This may be a surprise to the more technically minded, but—prepare yourself—most people don’t exactly want to curl up on the couch with a cup of cocoa and the specs or manual for the newest piece of machinery in their industry. Honestly,even industry professionals would like to see the power of a piece of equipment in action rather than simply look at the numbers. Of course numbers are important too; but saying and doing are not the same. Even if the numbers are impressive, people want to see the numbers in action. This is why video marketing is so effective, perhaps especially in the manufacturing industry, where the products and services are highly mechanical and technical. Here are some statistics about the power of video in marketing to support this claim:

  • 59% of executives (as in the decision makers) would rather watch a video than read written content (Forbes)
  • Visitors who view a product video are 64-85% more likely to purchase that product (Comscore and Internet Retailer)
  • Viewers of a video retain 95% of its message, while readers retain only 10% of the message contained in the text they read (Insivia)
  • Video attracts 2-3x more monthly visitors to a site, doubles the time they spend on the site, and increases organic traffic from search engines by 157% (MarketingSherpa)
  • 90% of users say that seeing a video about a product is helpful in the decision process (Insivia)

Regarding marketing for manufacturing companies specifically: 80% of manufacturing marketers use video content and 71% consider it one of the top two most effective marketing tactics for their industry. Why? Again, manufacturing companies are generally dealing with highly technical or mechanical products with a value that becomes clearest during demonstrations of their function and effectiveness. Long lists of tech-specs don’t engage the way a video can.

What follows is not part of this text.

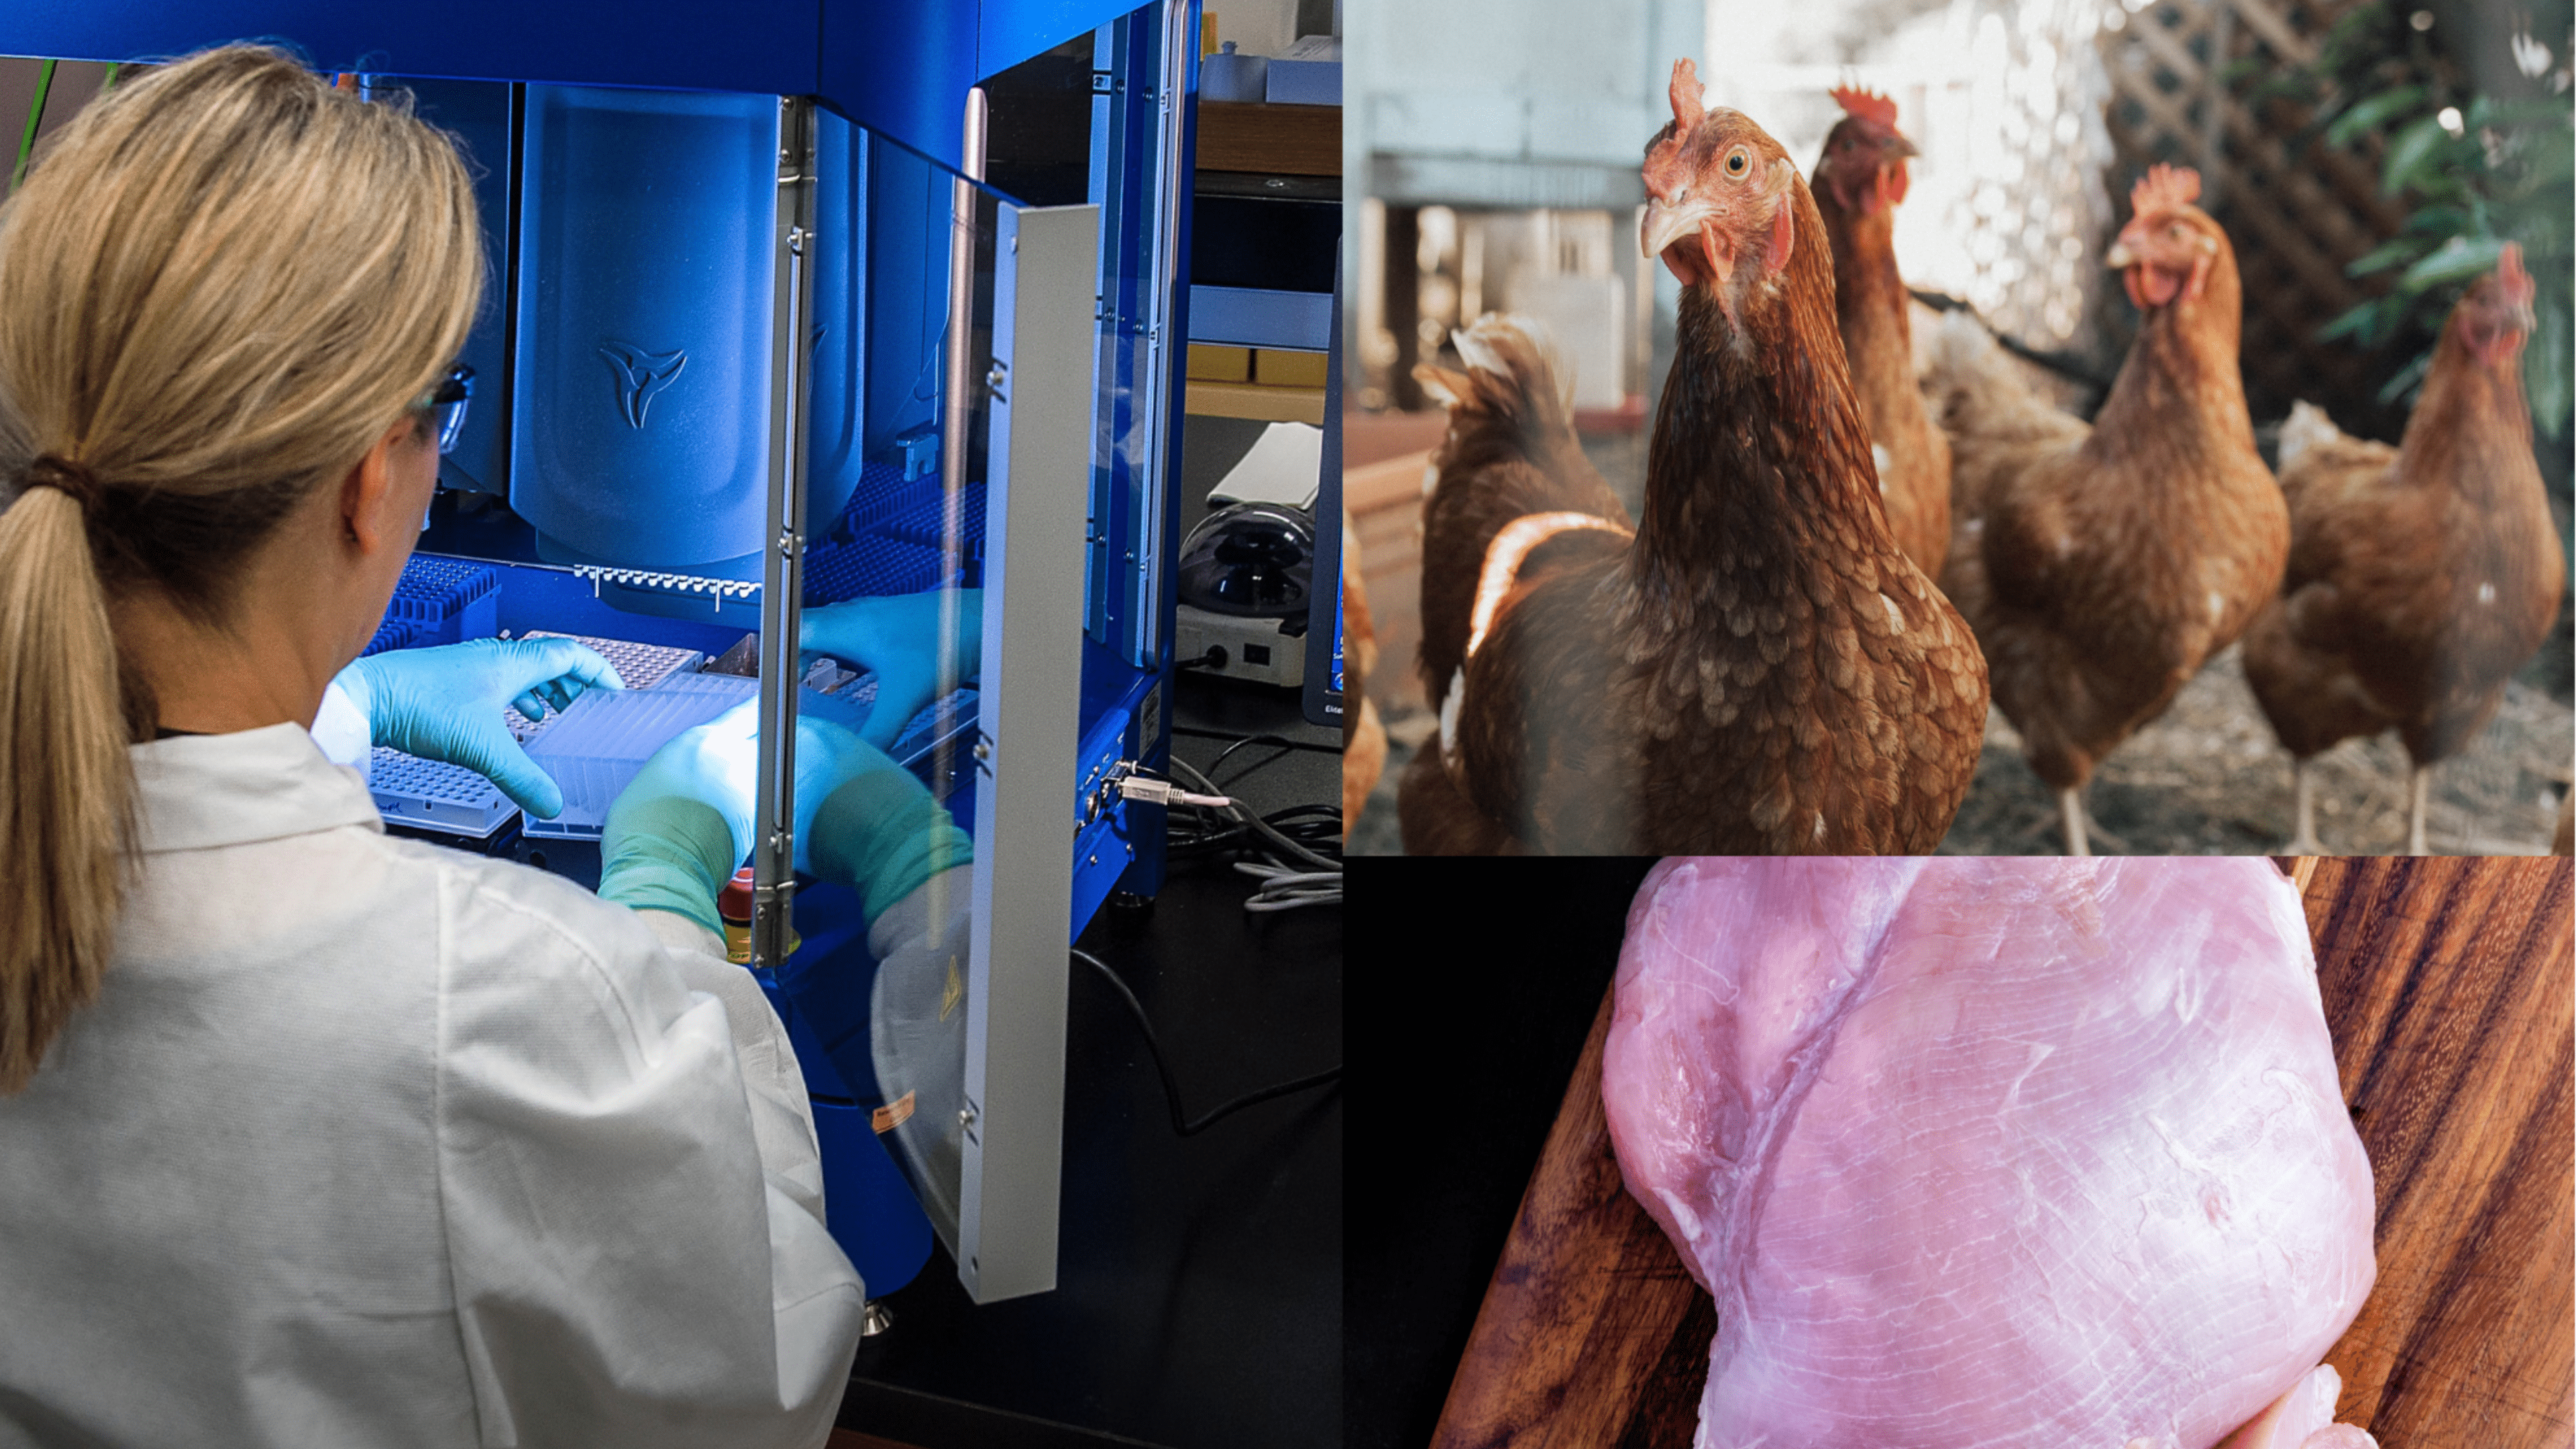 Lab-grown chicken
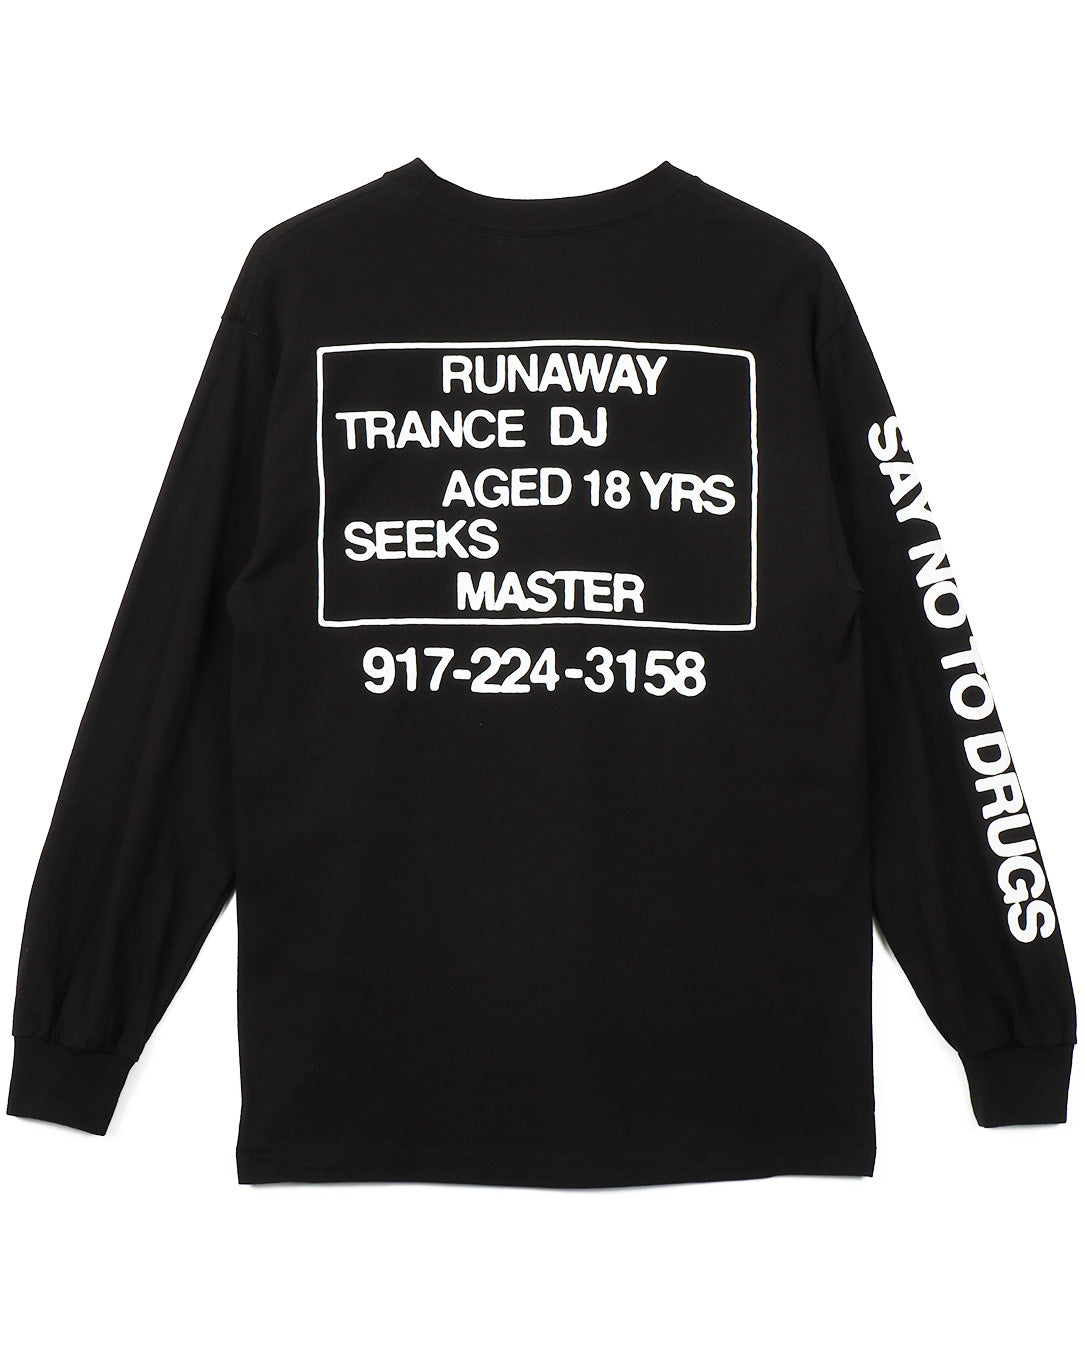 Trance DJ L/S T-Shirt

This article is going to talk about the qualities that make an effective video and then look at a case study video that we loved by Titan LED, a California based LED lighting manufacturing and installation company. We’ll see why this video was done right and where it had room for improvement. Before we begin, though, we have this disclaimer: We do not work with Titan LED and are assessing their marketing efforts as third-party, disinterested marketing professionals solely for the purpose of providing applicable advice to B2B companies (especially in the manufacturing industry) interested in creating and promoting video content. All content here represents our unbiased, professional opinions as marketers. We sincerely hope the information here provides their company and yours some food for thought in developing a marketing strategy.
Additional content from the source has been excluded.